Question

Question 1 1 pts Suppose you are investigating the reaction: M(s) + 2 HCl(aq) → MCl2(aq) + H2(g). You weigh out a 0.241 gram piece of metal and combine it with 60.4 mL of 1.00 M HCl in a coffee- cup calorimeter. If the molar mass of the metal is 57 g/mol, and you measure that the reaction absorbed 131 J of heat, what is the enthalpy of this reaction in kJ per mole of limiting reactant?
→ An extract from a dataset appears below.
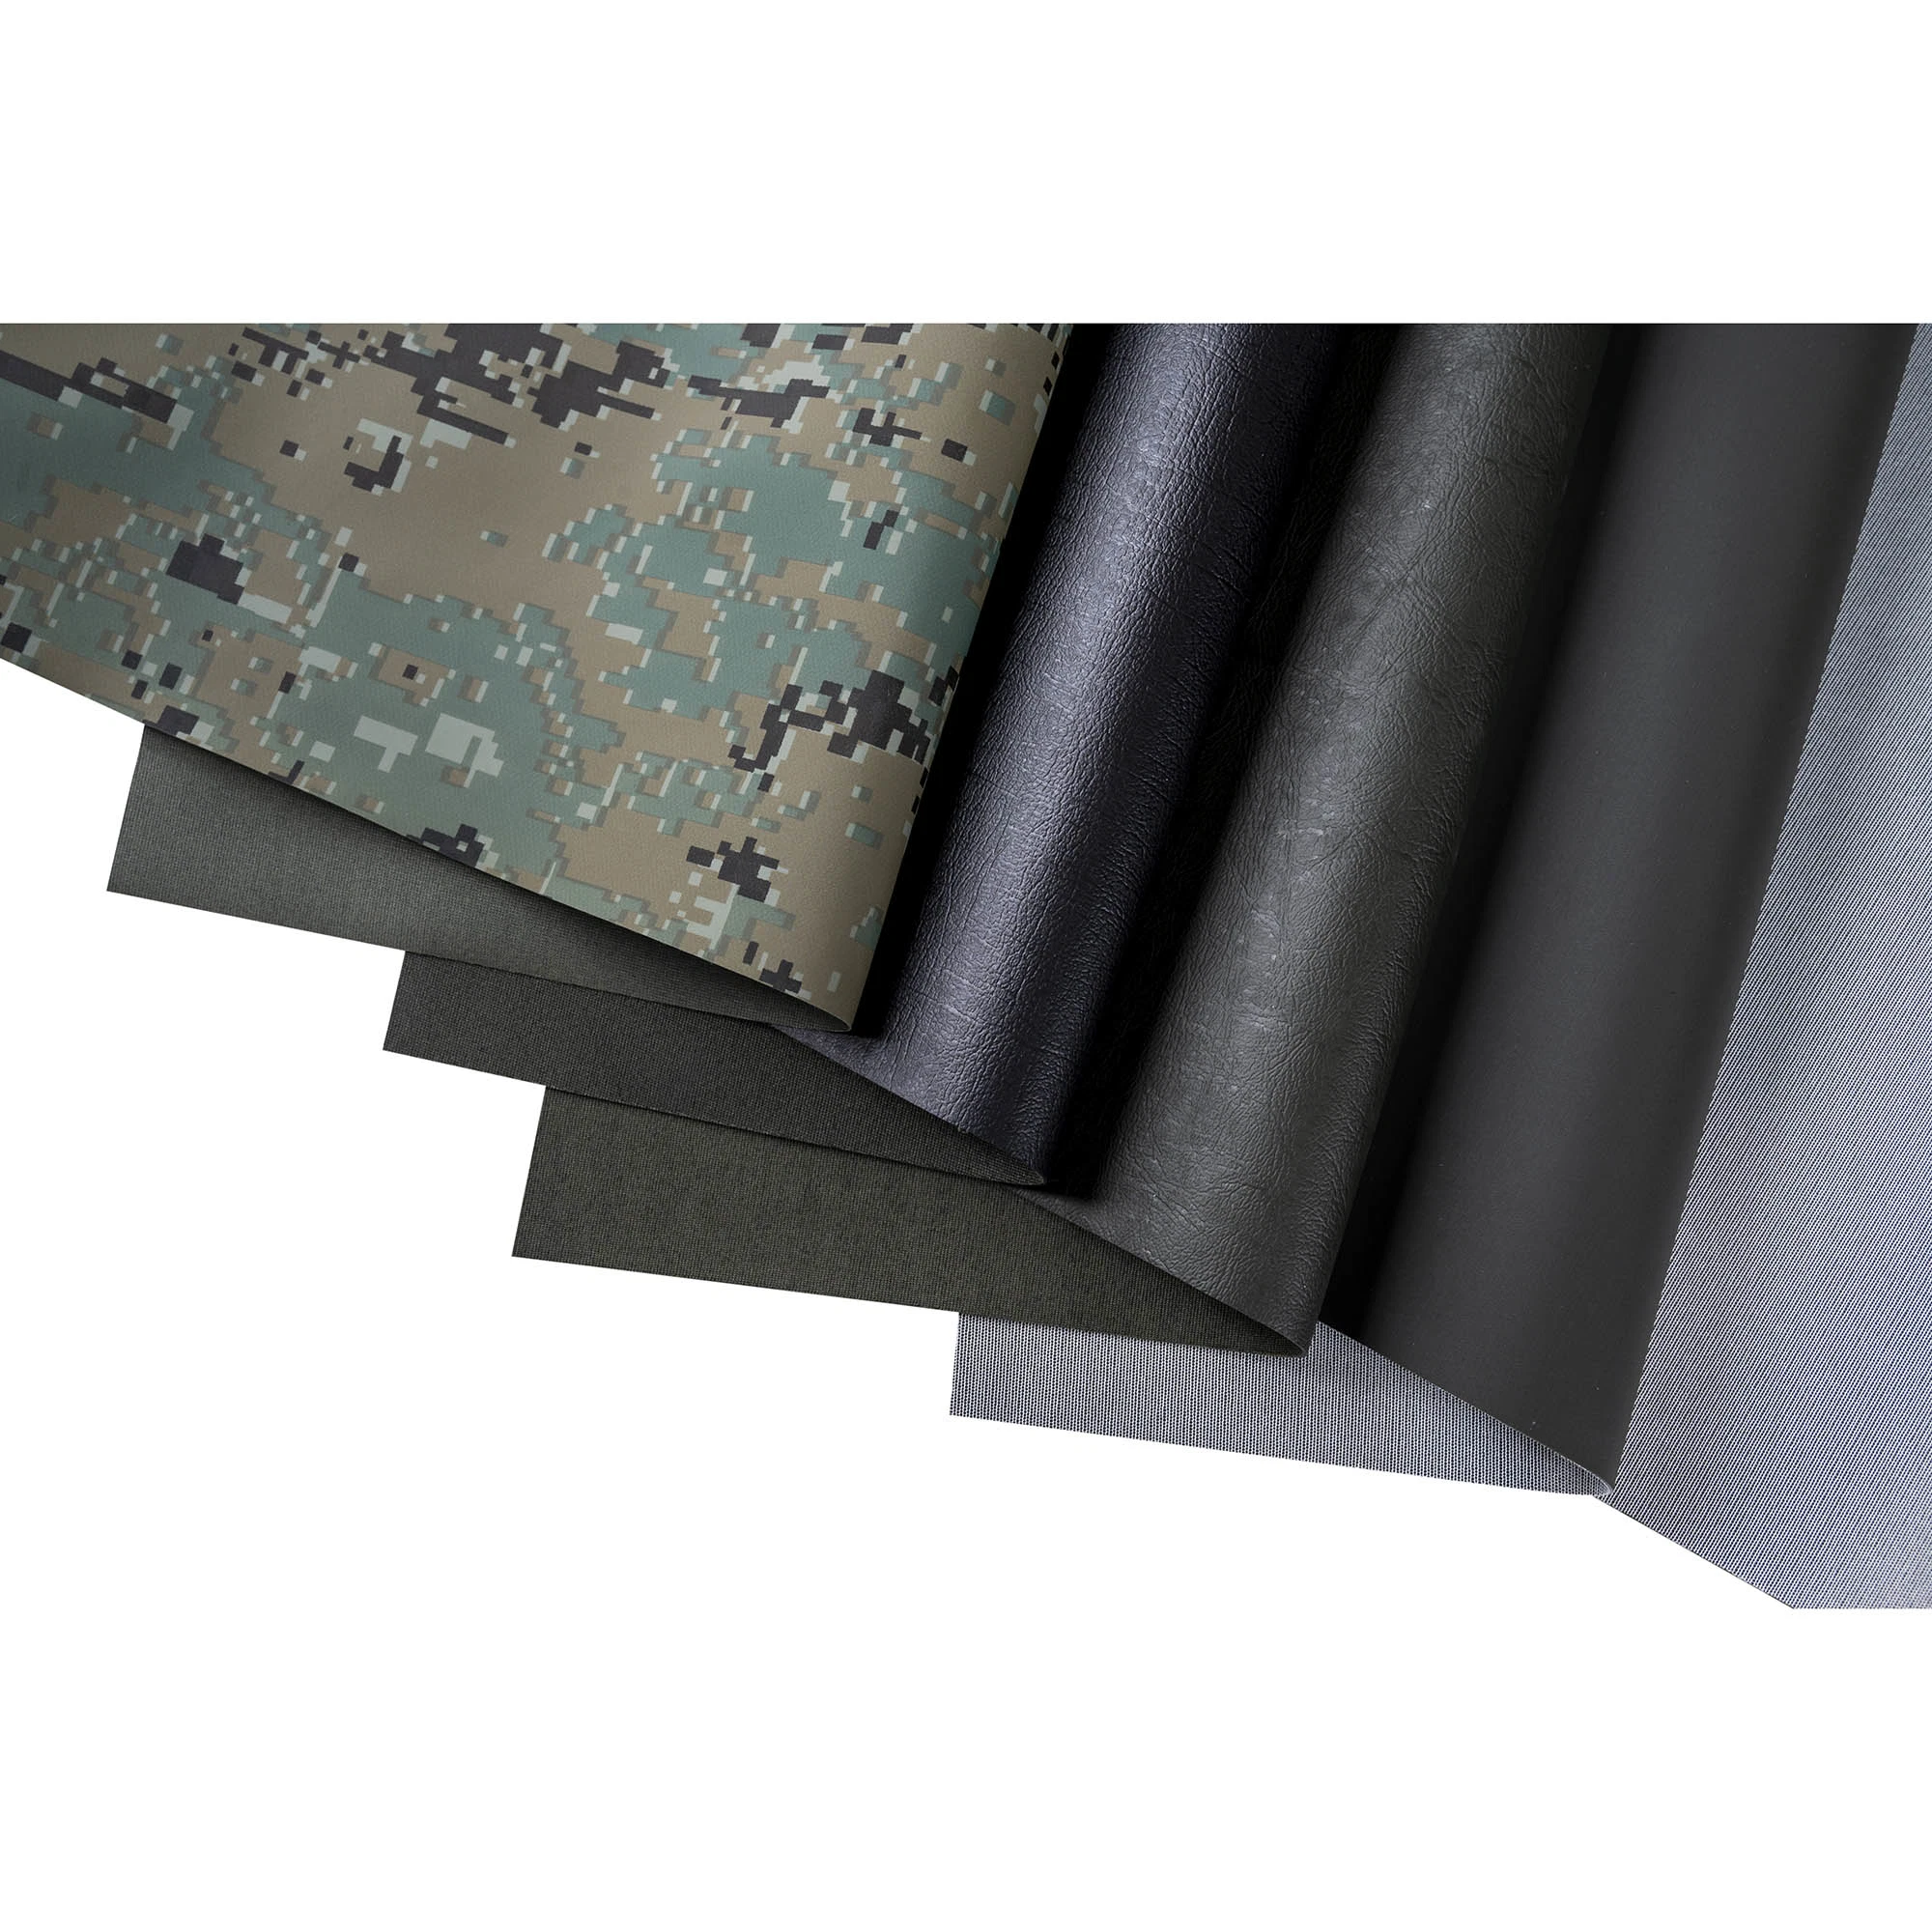 Высокое качество Sijia PVC материала для Wader одежды с покрытием из ПВХ ткани архив нейлон ПВХ

Enter your answer numerically to three significant figures in units of kJ/mol.

Answer 1

Given that mass of the metal = .241g

First we have to find the limiting reactant.

Molar mass of the metal = 57g/mol

Therefore no.of moles of the metal present =0.241/57= 4.228*10^-3

Coming to Hcl, it is given that it is a 1.00 M sol. That means you will have 1 mole of HCl in 10³ ml of solution.

=>10^-3 moles of HCl for 1ml of solution.

So, for the given 60.4 ml of solution you will have 60.4*10^-3 moles of HCl.

According to the given reaction 1 mole of metal is required for reacting with 2 moles of HCl.

In the same way 30.2 * 10^-3 moles of metal are required for reacting with 60.4 * 10^-3 moles of HCl.

But moles of metal we have (4.228 * 10^-3 moles) is less than what is required. Therefore metal is the limiting reactant.

Next, for 4.228 * 10^-3 moles of limiting reactant (metal), heat absorbed was 131 J (given).

Now for one mole of metal the heat absorbed = 131/(4.228 * 10^-3)= 30.984 * 10³ J = 30.984 KJ

Therefore required enthalpy of reaction = -30.984KJ

It is negative since the reaction absorbs heat.